Auto-generated transcript...

Speaker	Transcript
Anne-Catherine Portmann	Hello, today I will present you the power behind data. This presentation is based on the idea that a principal this presentation will allow us to efficiently study the data of more than 80 production batches.
	We were able to improve the product yield of more than 26% based on the process knowledge and the statistical analysis. The statistical analysis allows also to identify the key process step which have an impact on the product yield.
	So I will
	first introduce Lonza Pharma Biotech and then we will go to the historical data analysis.

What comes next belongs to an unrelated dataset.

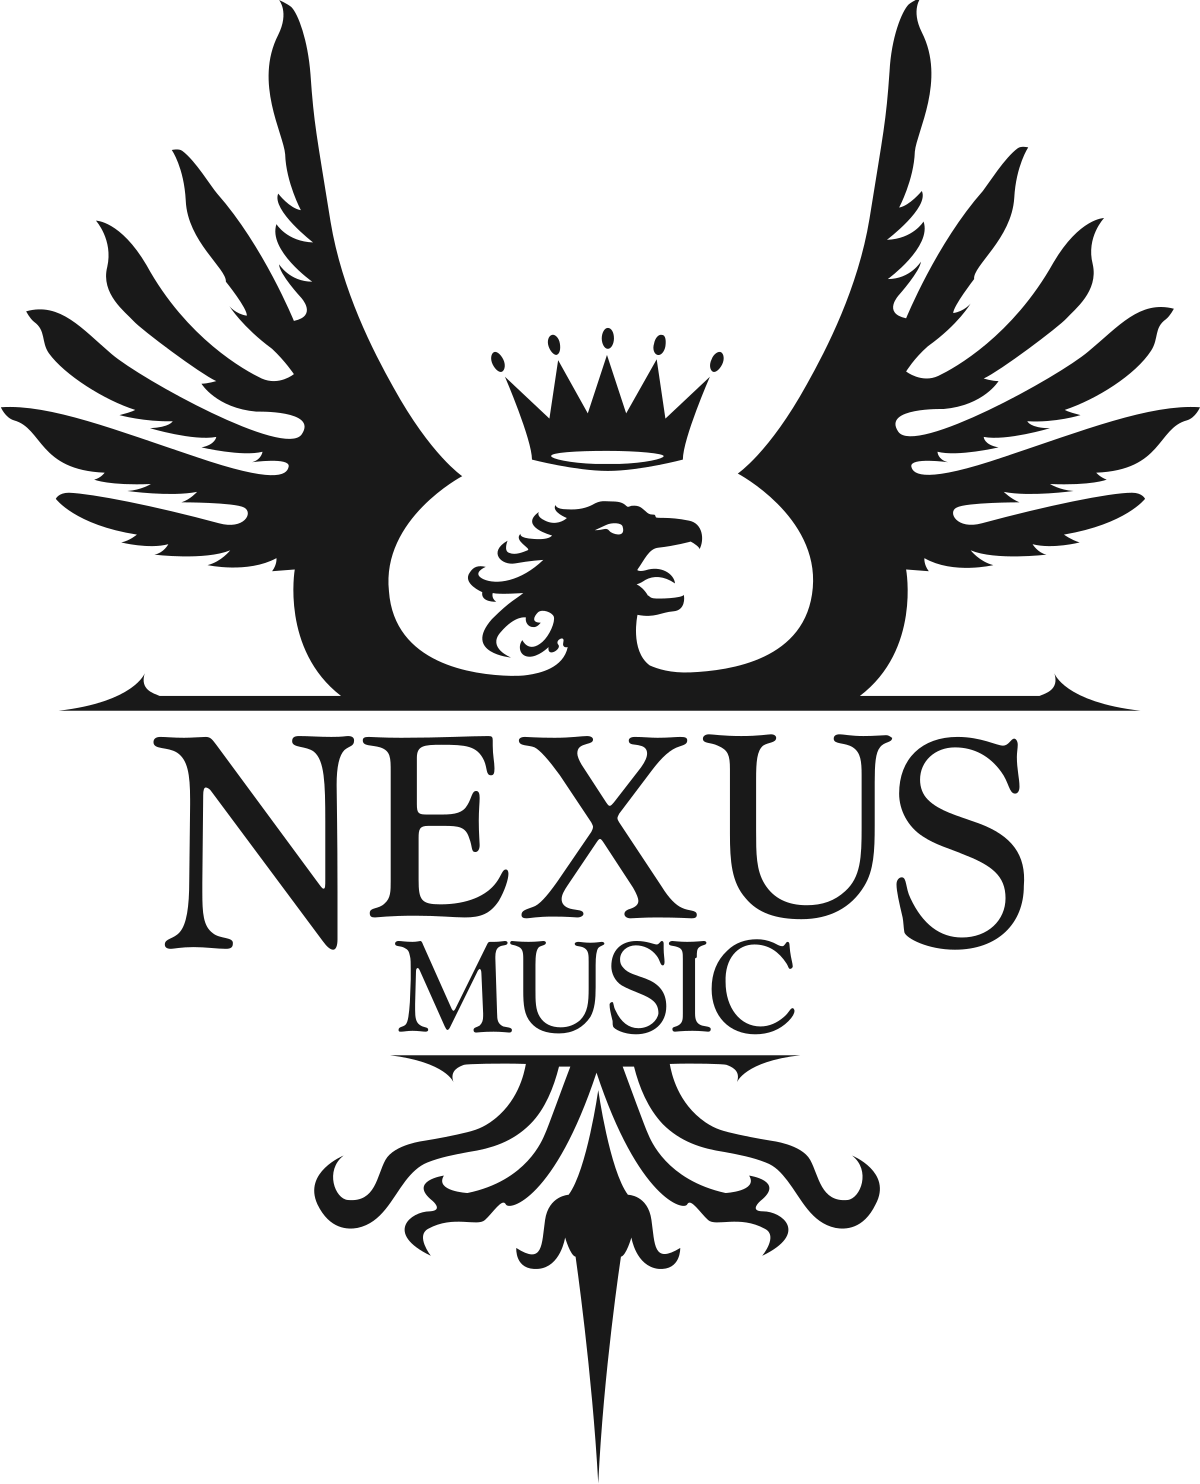 Nexus Wikipedia
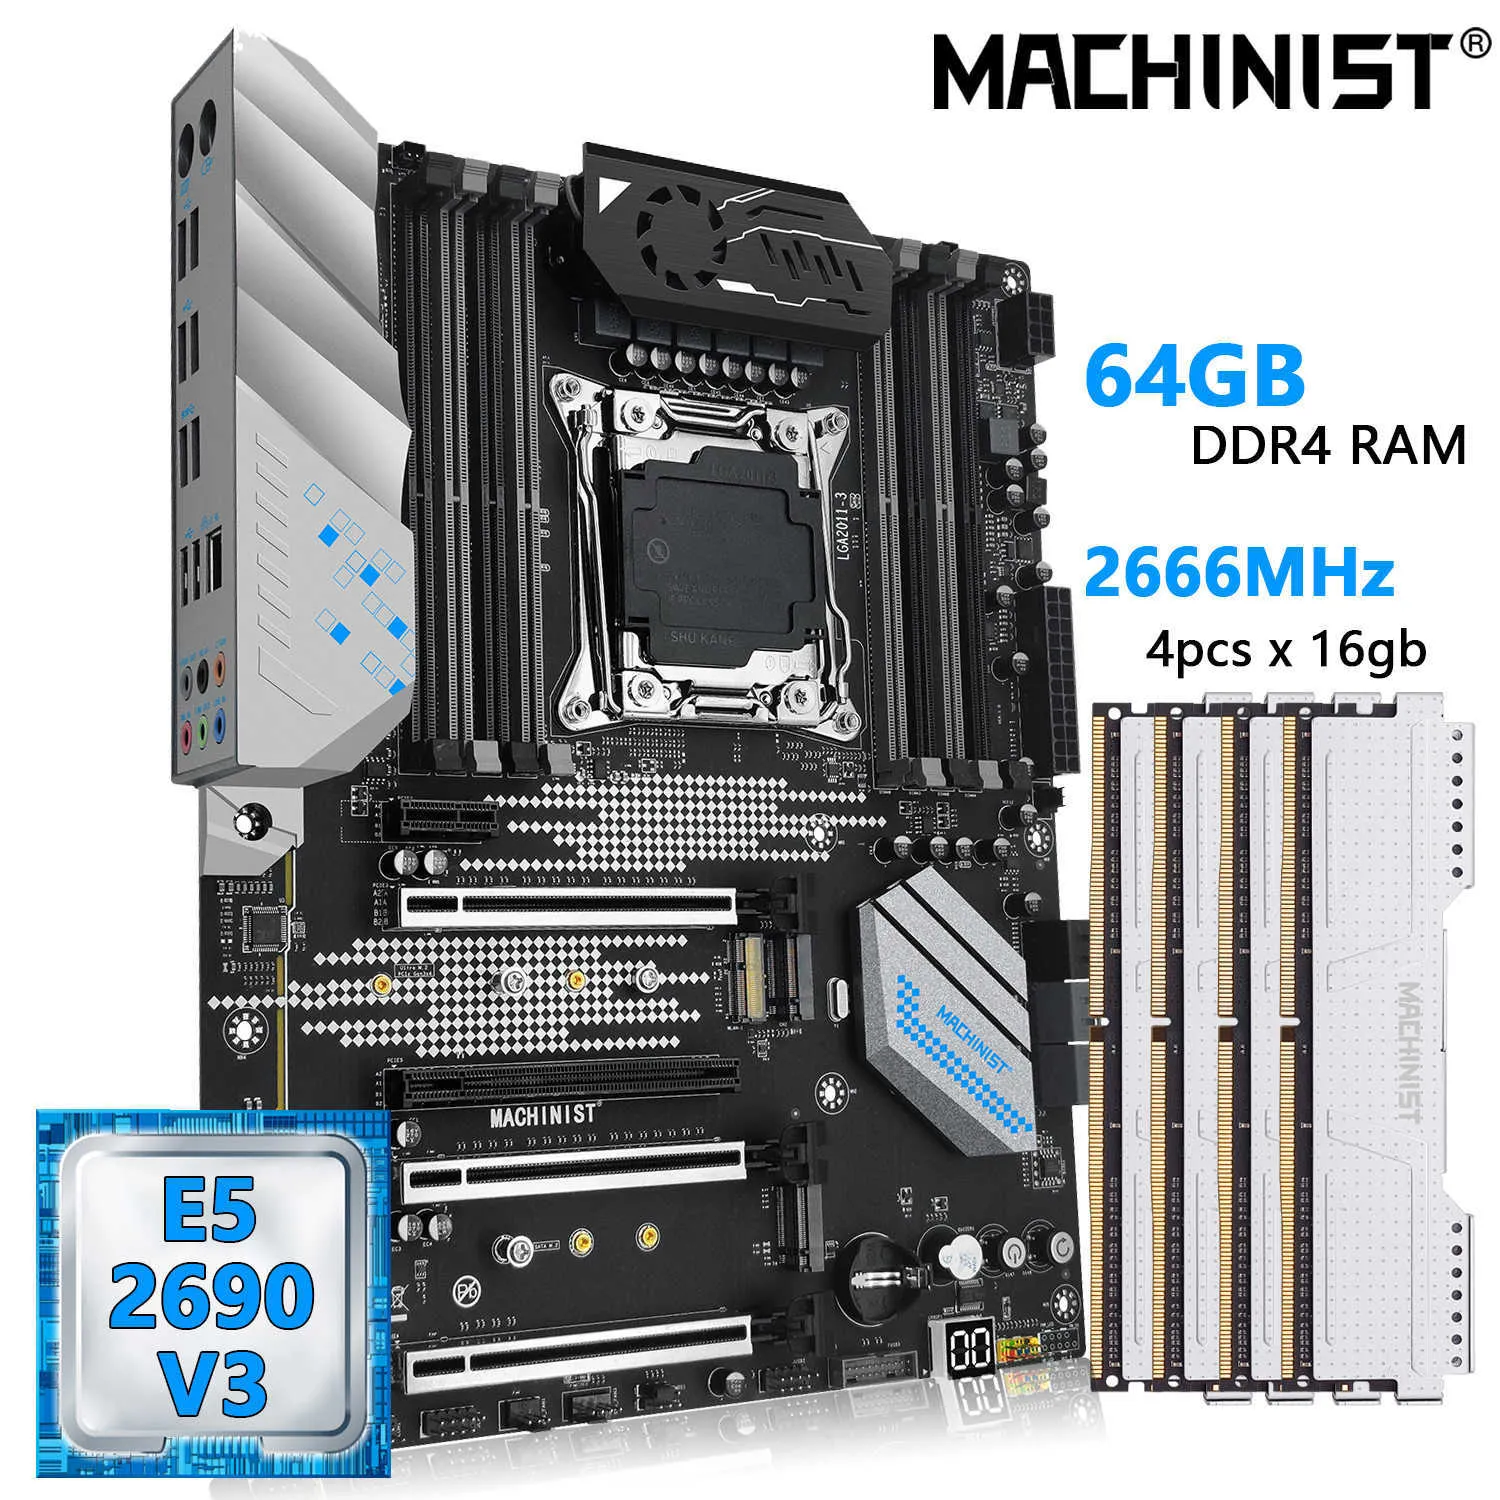 Machinista X99 LGA 2011-3 Kit combinado de placa base con Intel Xeon E5 2690 V3 CPU y DDR4 64GB RAM Memoria ATX X99 MR9S

	Lonza Pharma Biotech was found firstly in 1897 and shortly thereafter, it was transformed
	to chemical manufacturer.
	Today we are one of the world's leading supplier
	to pharmaceutical, healthcare and life sciences industry.
	Here at Visp, we are one of the biggest site from Lonza
	and we are most significant for R&D, development and manufacturing.
	We are, we have a new part of the company, the Ibex solutions, where we are able to complete biopharmaceutical cycles from preclinical to commercial stage, from drug substances to drug product, all of this in one location.
	You probably heard about this lately in the Moderna vaccine against the COVID-19,
	but it's not the only product that we are producing here in this. We are also producing small molecules, mammalian and microbial biopharmaceuticals, high potent APIs, peptides and bioconjugates including antibody-drug conjugates.
	Now that you know a little bit more about Lonza, I will go to the historical data analysis.
	So, first of all, I will present to you this process on which the 80 batches are run.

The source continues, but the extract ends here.